Much like our own skin, leather needs to be hydrated and moisturized often as it ages. The shiny darkened layer that is created naturally in leather and wood products is called the patina. The patina in your leather goods will develop over time through the natural oils in your skin when you touch and use the item. Note that the more you handle your leather goods affects the rate that the patina will develop. If you refrain from hydrating your leather goods the longevity of the piece will diminish significantly by the fibers in the leather breaking down.
Our favorite multi-purpose hydrating leather moisturizer on the market is called ‘Buffalo Butter’ by Trask. It’s 100% made in the USA and can be used on any of your leather goods: bags, belts, shoes, wallets, etc. It is not a polish so it should be used along with polish for certain accessories that you want to keep shiny.
If you are looking for an item with a great patina check out our Double Leather Wrap Bracelet.

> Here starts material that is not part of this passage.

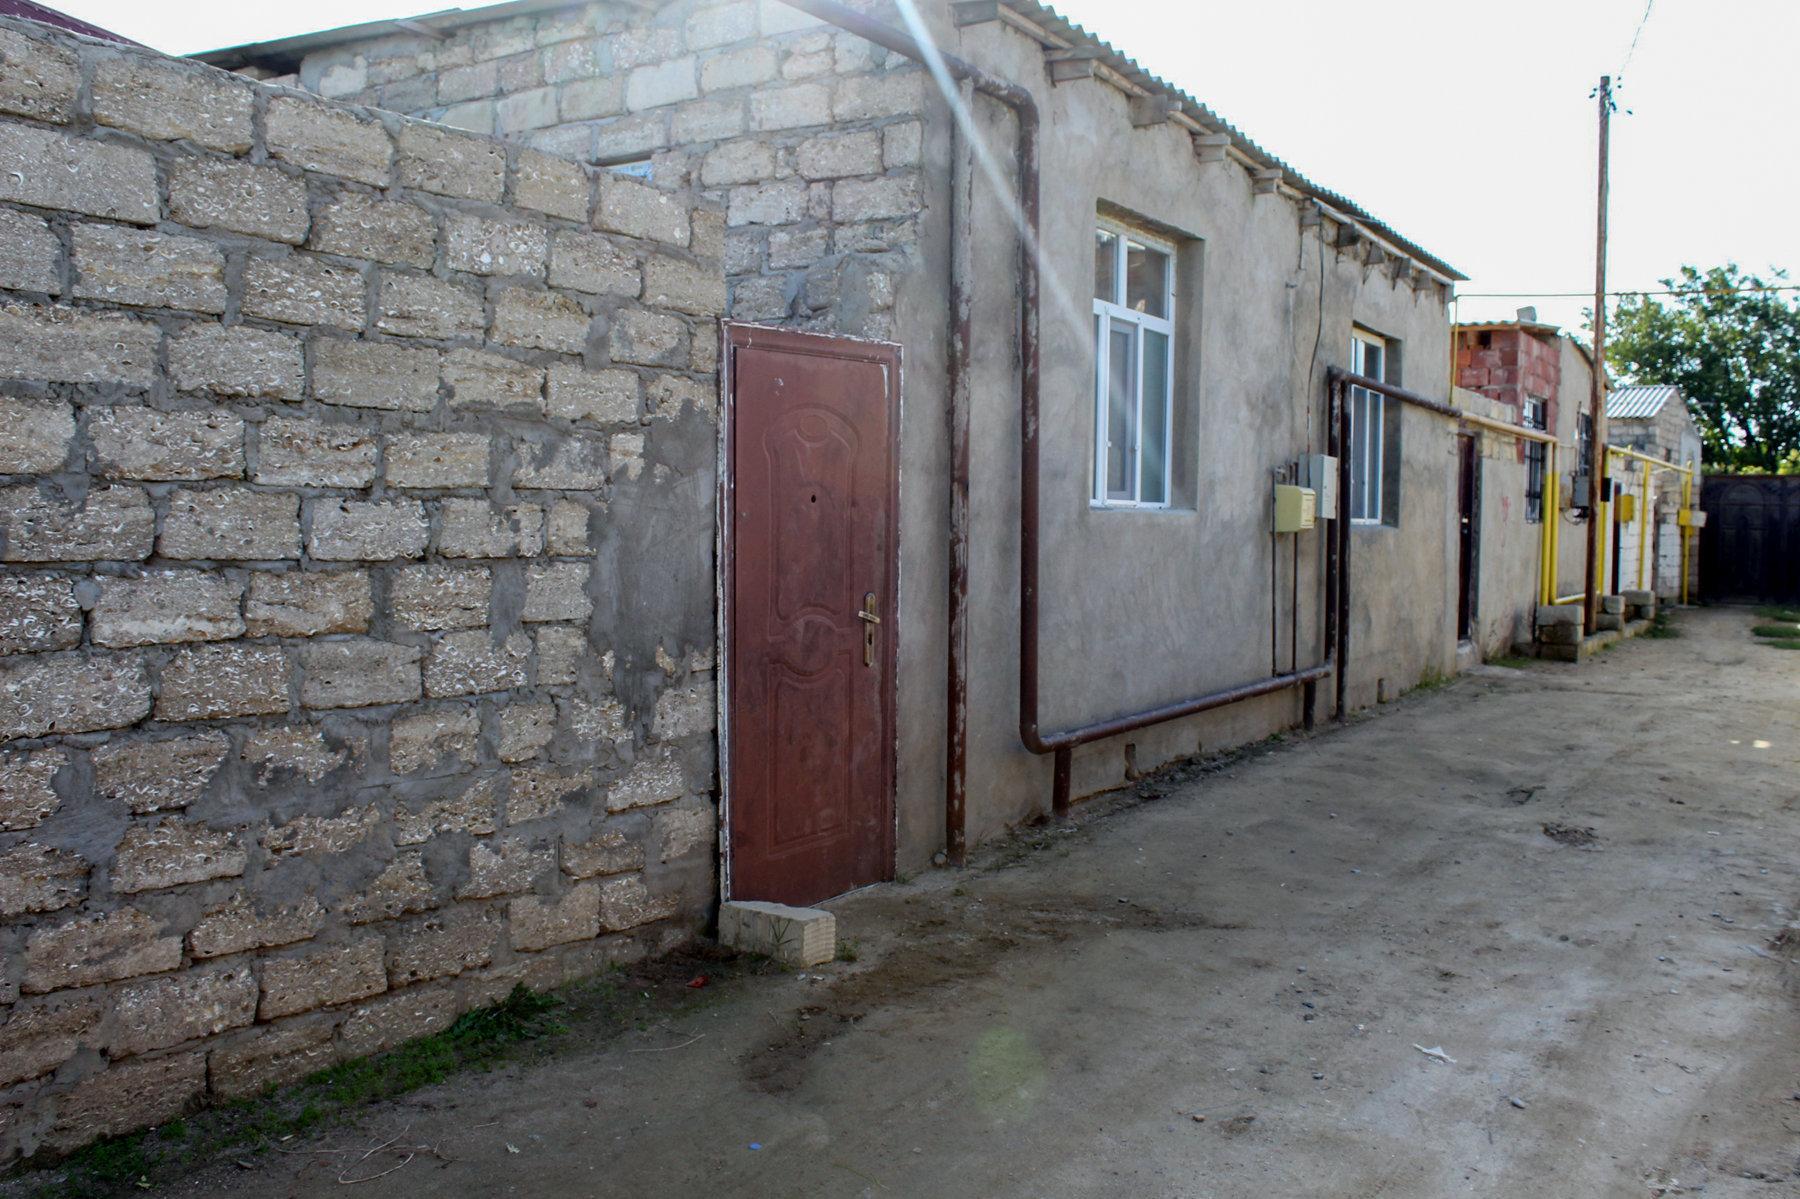 Terymurgilin evi
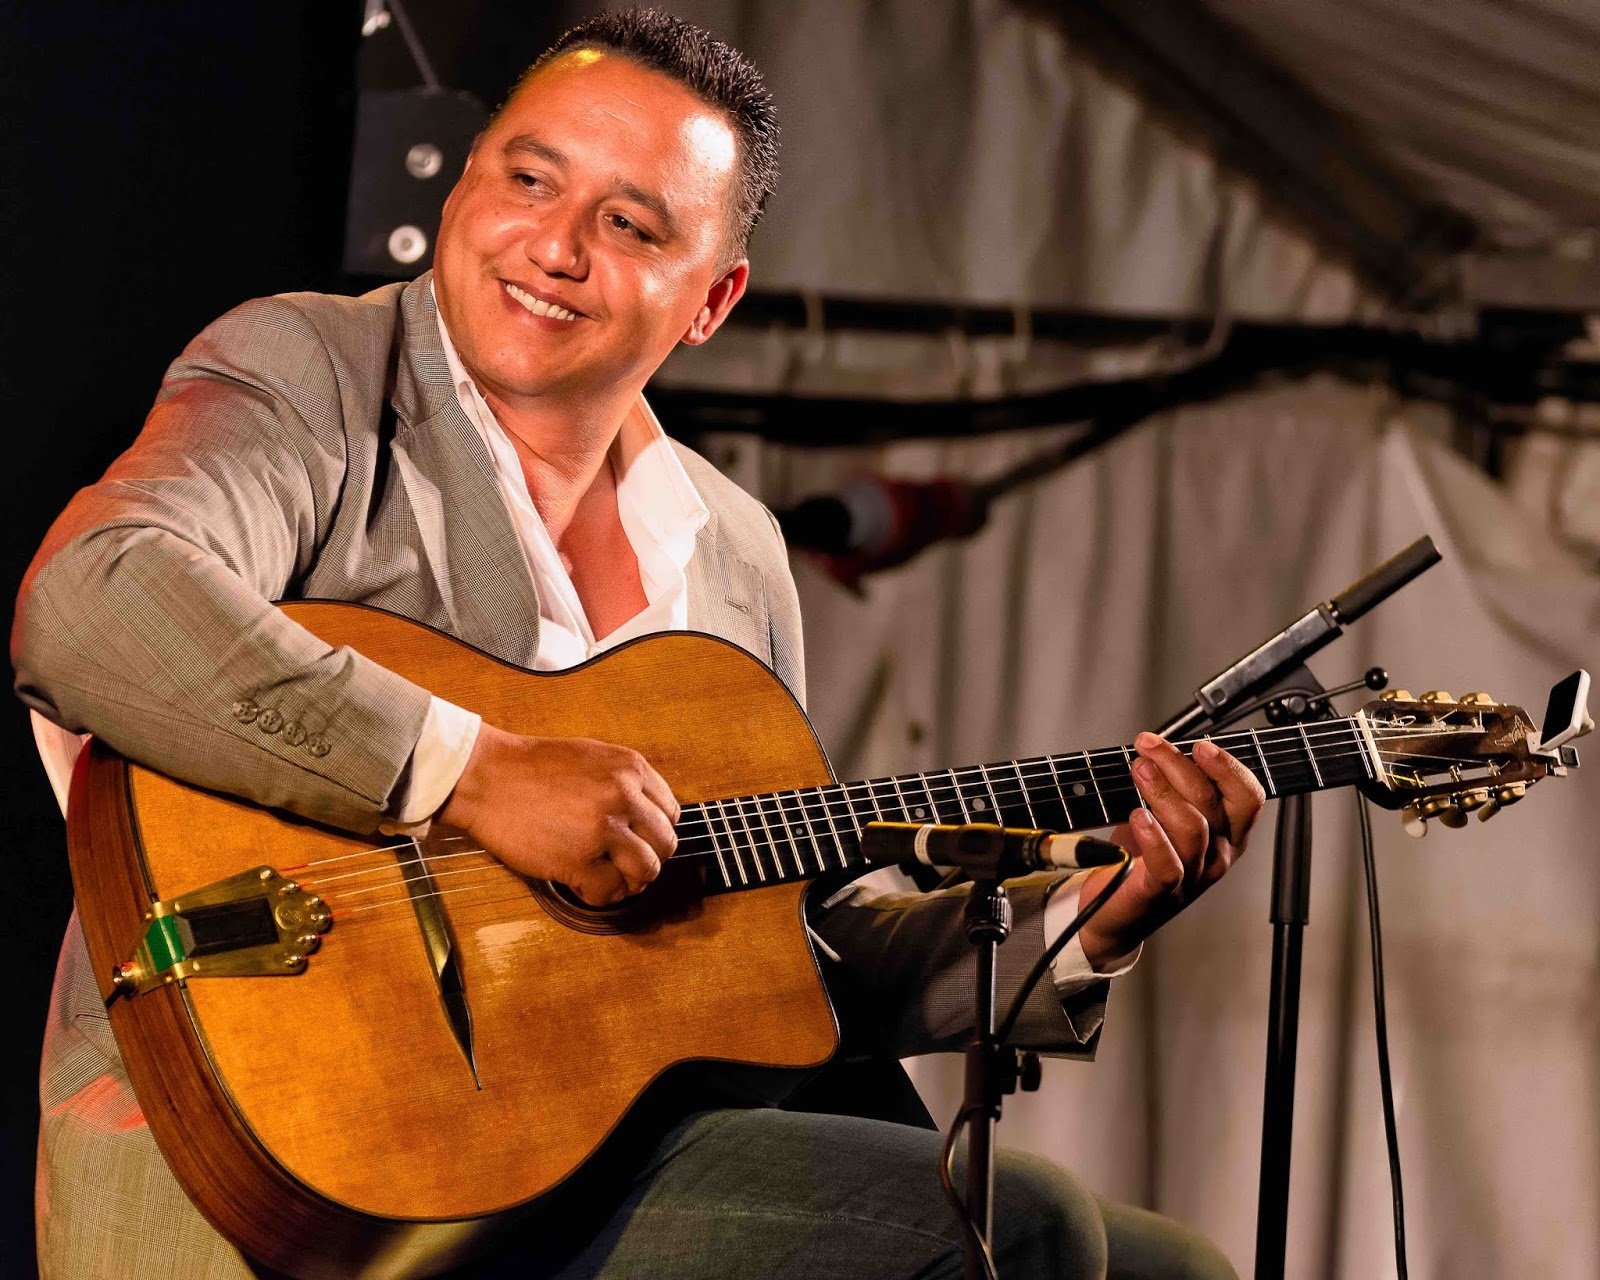 Guitarra Manouche : Paulus Schäfer - Entrevista

Polishing your shoes on a regular basis will form a natural seal against water damage. If you live in a particularly rainy place, make sure to waterproof your leather shoes every 3-4 weeks during the rainy season. Water damage is what causes leather shoes to break down the most quickly. Make sure to polish your shoes before waterproofing them. This allows the leather to stay naturally hydrated underneath the waterproofing spray. Also always use cedar shoe trees. Cedar will naturally wick out any remaining moisture left in your shoes. Newspaper won’t cut it guys. Have 1-2 pairs of shoe trees to rotate between your dress shoes. It’s not necessary to keep them stored in every pair of shoes you own, so only having 1 or 2 works well for most people.
Many of our clients have a smaller shoe size. Check out our Custom Shoes for the perfect fit!
How to Clean Your Leather
There is a natural oil-based product called ‘Satchel Knight’ that is great for removing dirt and other marks.
Be sure to keep your leather goods out of extreme temperatures. Extreme heat will cause bubbling of the leather and the potential for the leather to peal away. Extreme cold will cause the fibers in the leather to become brittle and break.
Care should be used when removing your tie. To maintain the longevity of your tie, remove the tie in the opposite order you tied it. This may seem like a few extra steps but will significantly increase the life of your ties.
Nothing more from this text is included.